Difficile immaginare quello che frulla nella testa di Michal (Noa Koler), 32 anni, protagonista di Un appuntamento per la sposa (in sala dall’8 giugno, durata 110’) di Rama Burshtein, cinquantenne regista newyorkese di nascita ma diventata di fatto, fra Gerusalemme e Tel Aviv, intelligente e vivace riferimento del cinema israeliano.

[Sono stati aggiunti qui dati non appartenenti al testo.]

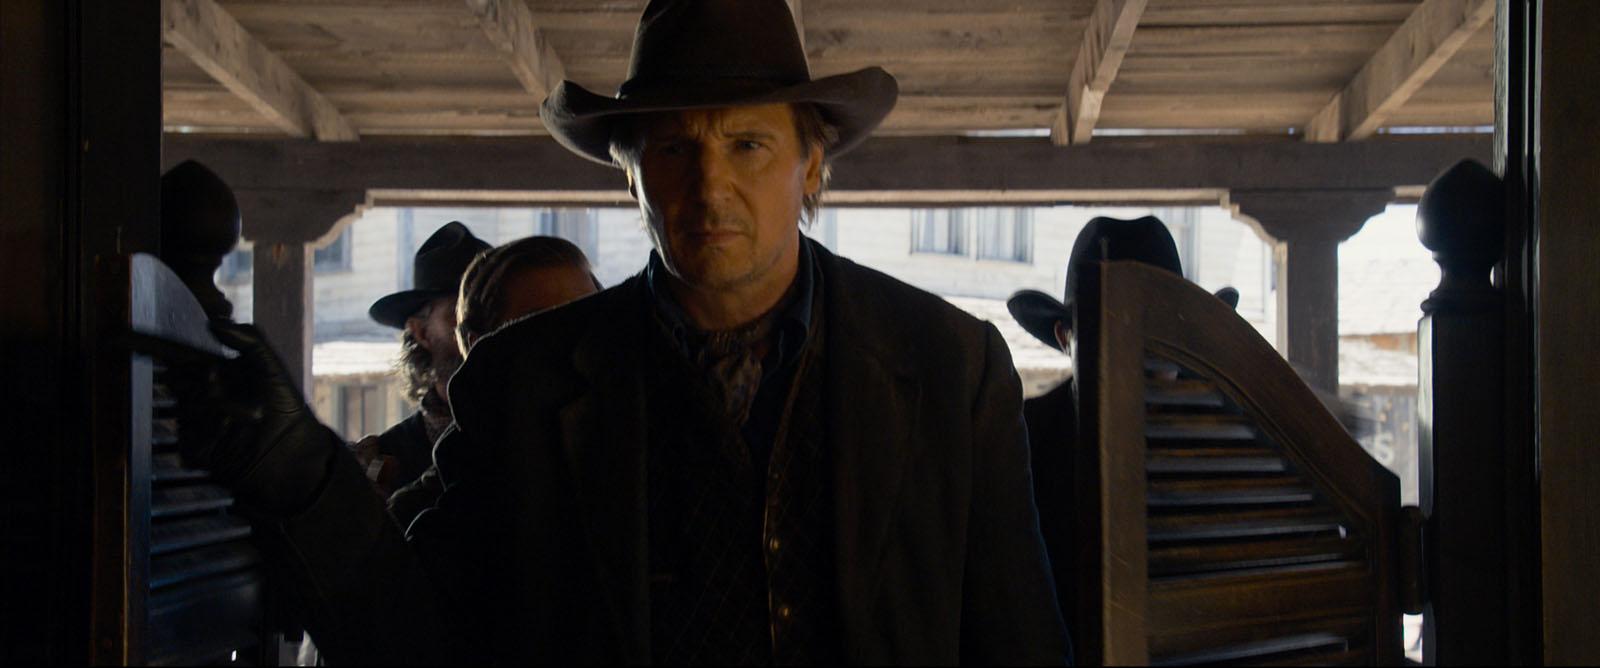 Clinch (Liam Neeson) - Albert à l'Ouest

E la testa di Michal, in effetti, è dura.  Un po’ perché lei non è tipo da arrendersi tanto facilmente, un po’ – in maggior proporzione - perché la sua adesione integrale all’ebraismo ortodosso e chassidico le trasferisce la fede totale e incondizionata in Dio: ed è a Lui che assegna la responsabilità e il compito di trovarle un marito sostitutivo entro la data stabilita per le nozze, che coincide con l’ottava notte di Hanukkan (è la festa ebraica della consacrazione del tempio, detta anche festa delle lampade, coinvolge oggetti e luoghi sacri e ha un rituale adottato anche dalla Chiesa cattolica).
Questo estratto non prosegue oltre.